Basically, if your roofer installed your roof the way it's being done in Winnipeg now, your roof valleys are more waterproof than they would be with galvanized metal in them.

My feeling is that your roofer simply didn't understand why using ice and water shield made for a more waterproof valley than galvanized metal, but was aware that it did.  He certainly didn't want to say: "Yeah, but then there's a much better chance your roof will leak." cuz then you'd be losing sleep.  But, he was probably aware that they way they're doing it now is better, but didn't understand why.

PS:


> but I admit they wore me out on their resistance at the very last minute when the roof was scheduled and i neglected this resource...but it is still not too late for negotiations..I have not paid them



Don't go there.  You need to know about something called a "builder's lien".  If someone does work on your house, and doesn't get paid in full afterward, they can put a lien against your house.  That means that if you ever sell your house, the buyer's lawyer will check to see if there are any liens against the house.  If so, then the person holding the lien is legally entitled to get paid before you get what's left of the purchase price.  So, refusing to pay or haggling with your contractor over price is not a great idea.  If you both dig in your heels, and you end up with a lien on your house, then he's gonna get paid eventually anyhow.  And, there could be interest accruing on that lien, so it could end up costing you a lot more than it will to pay up now.

Whenever I have a tenant moving out on me because they've bought a house, the chances double that they're gonna skip out on me without paying the last month's rent and not lift a finger to clean before leaving.  They think that once they're in their own house, I can't do squat.  It's only when they find out I've put a lien on their house that's accumulating interest that they realize I have them over a barrel.  Every experienced contractor worth his salt will know his way around the law courts building in your town just like every experienced landlord will.


----------



## oldognewtrick (Aug 10, 2009)

Bill, Nestor and InspectorD have hit most of the points on a metal valley. In my opinion either a closed valley or a metal valley will be a functional option IF installed correctly. Either one can fail if not properly installed. Metal valleys should NEVER, I mean NEVER be nailed directly into the valley material. When we form a valley pan "W" we turn the outside edge back onto itself and use a clip to secure the edge. Galvanized is not a suitable material option for valleys, at a minimum a painted galvalume with a Kynar finish and a 3" head lap.

 Closed valleys with ice and water will last the life of your shingle. The big things about valleys are what we call "tipping" the valley shingles. This means cutting the point of the shingle under the coarse that is visible. This stops water and debris from catching the top edge and running across the course, damming debris and causing a potential leak. This should be done on shingles and in a metal valley.

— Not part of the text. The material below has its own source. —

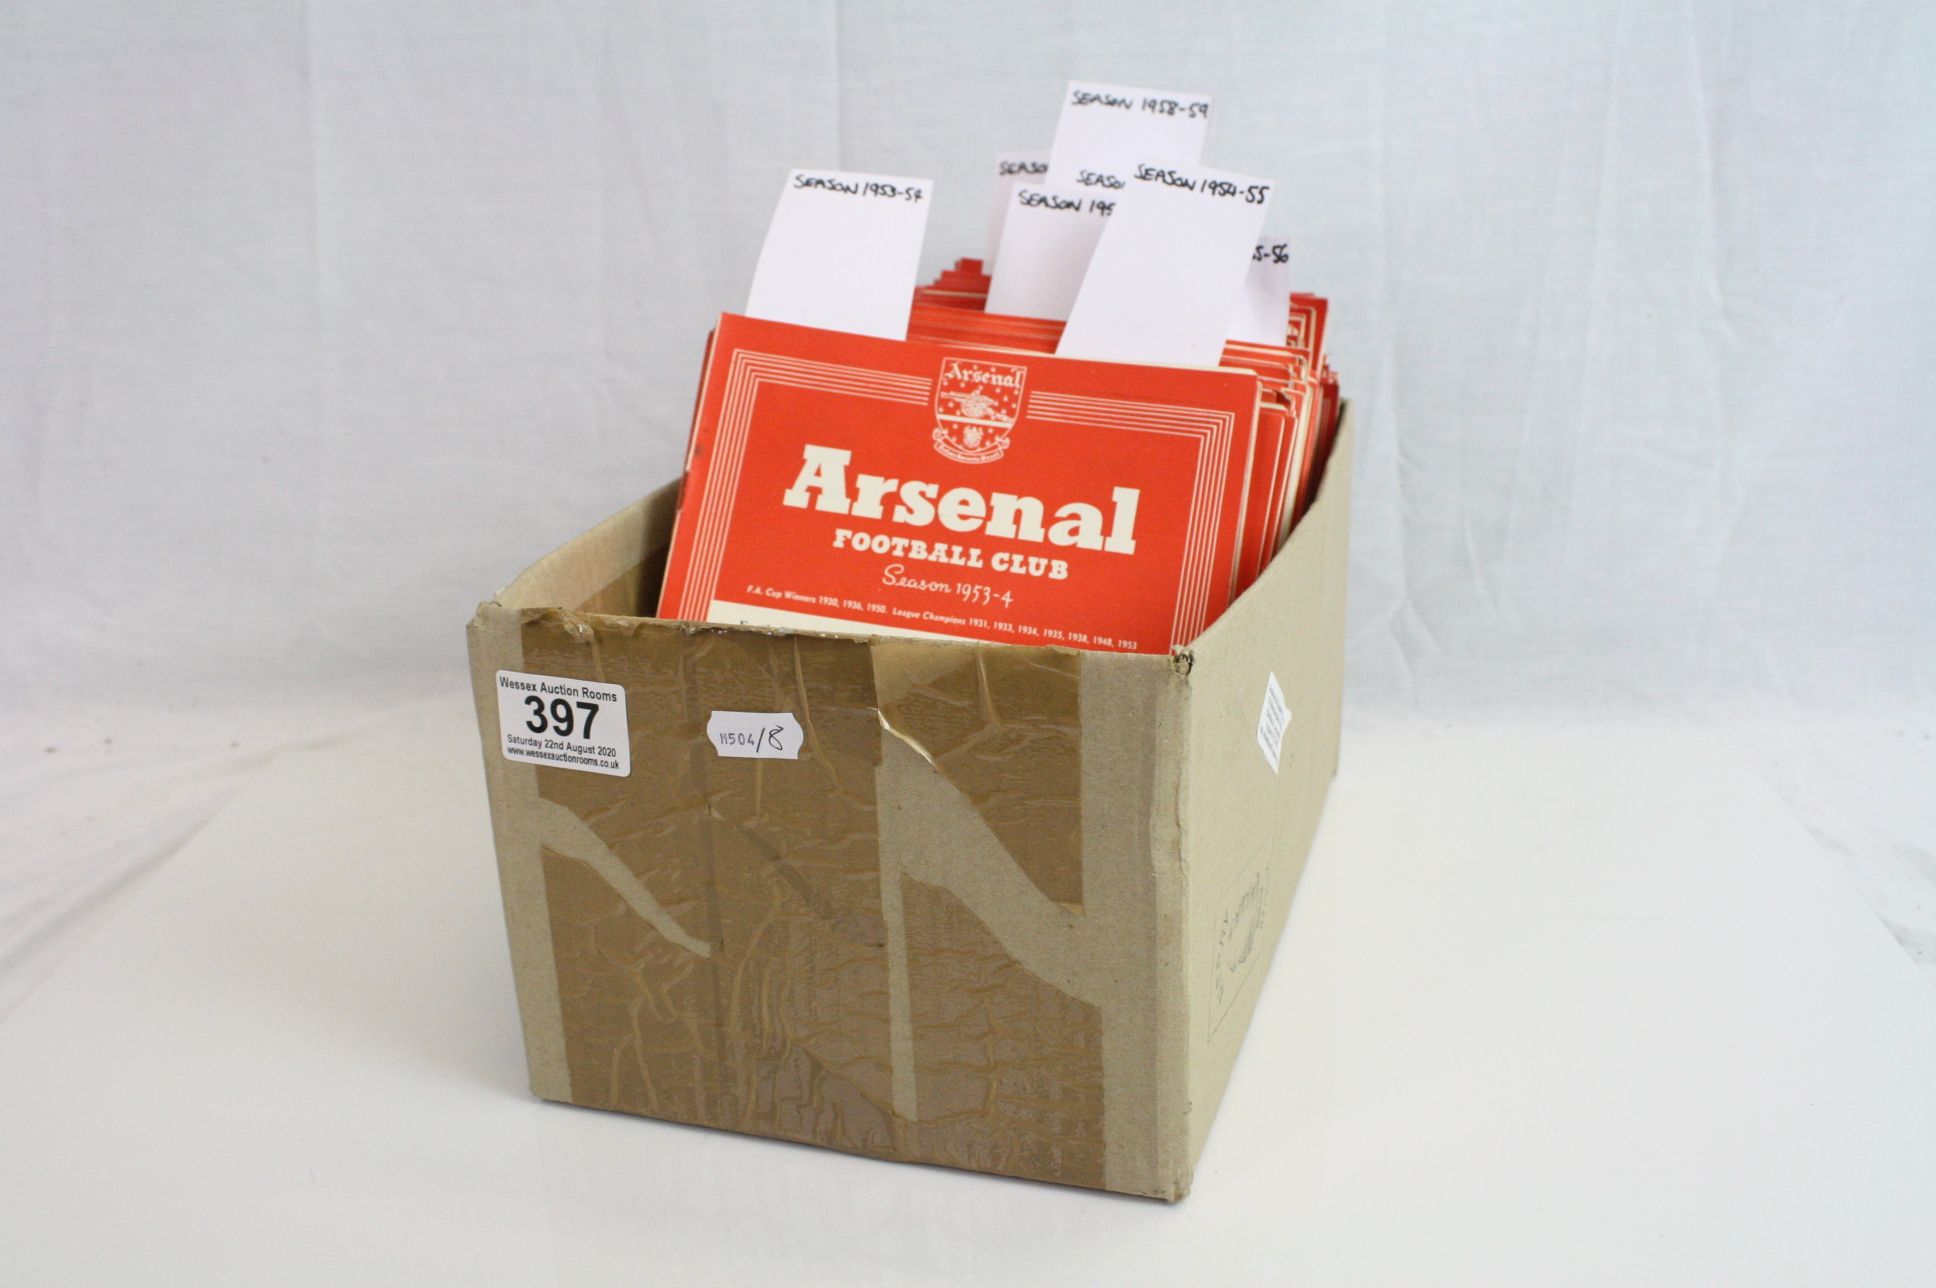 Football programmes - Large collection of approx 150 Arsenal home programmes ranging from the 1953/4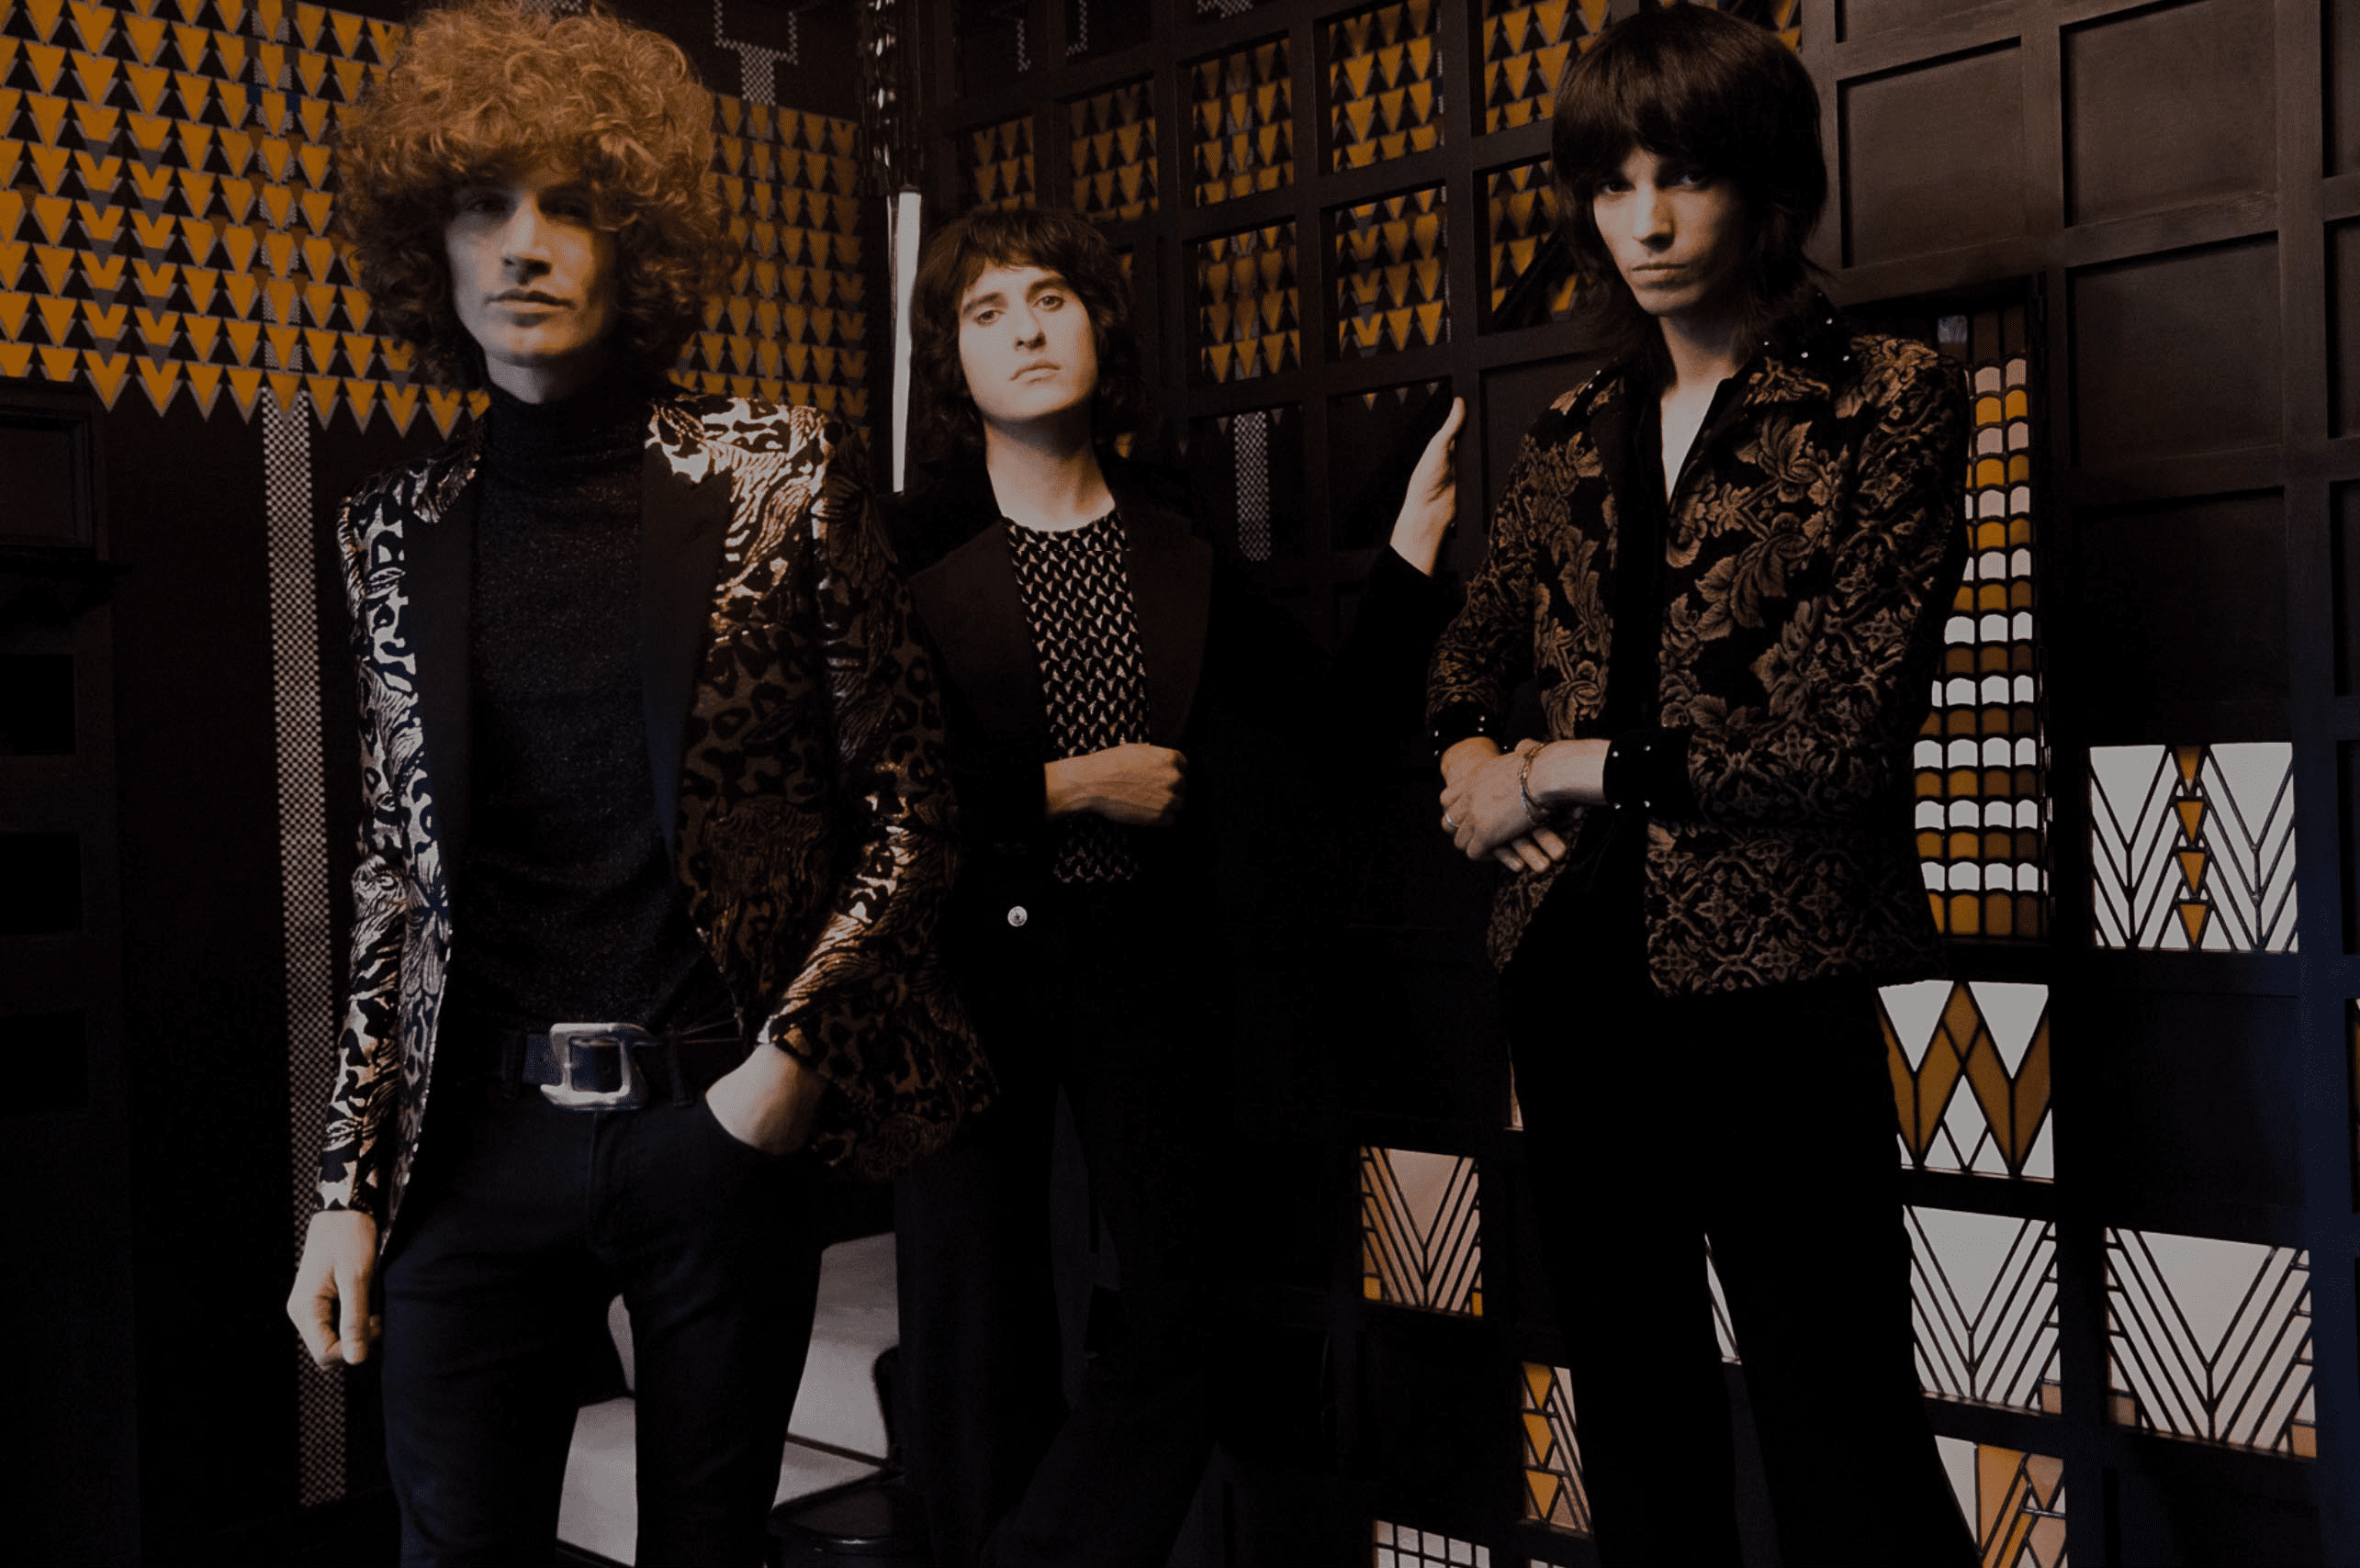 Temples’ ‘Hot Motion’ Is an Uninspiring Emulation of Their Existing Sound

When metal valleys are installed in a shingle roof you have a material that will generate a lot of heat, I have seen ice and water become runny and ooze at the fascia. There is a similar product made by Tamko "Metal and Tile" underlayment that will withstand the heat generated by metal valleys. Certainteed also make a high temp SA underlayment.


----------



## Nestor_Kelebay (Aug 11, 2009)

Olddog/Newtrick:

You seem to be very knowledgeable about roofing, so I was hoping you could explain some things in your post:

1.  





> Metal valleys should NEVER, I mean NEVER be nailed directly into the valley material. When we form a valley pan "W" we turn the outside edge back onto itself and use a clip to secure the edge.



Is this done to accomodate thermal expansion of the metal valley.  That is, the "U" shaped edge of the metal valley can slide up and down inside that clip.  Do the clips stick up much so that stepping on a clip would damage the shingle?  I worked out that for a -40 deg. C to +40 deg. C temperature change from summer to winter, you can expect to see a change in length of 3/16ths of an inch in a 15 foot long valley.

2. 





> Galvanized is not a suitable material option for valleys, at a minimum a painted galvalume with a Kynar finish and a 3" head lap.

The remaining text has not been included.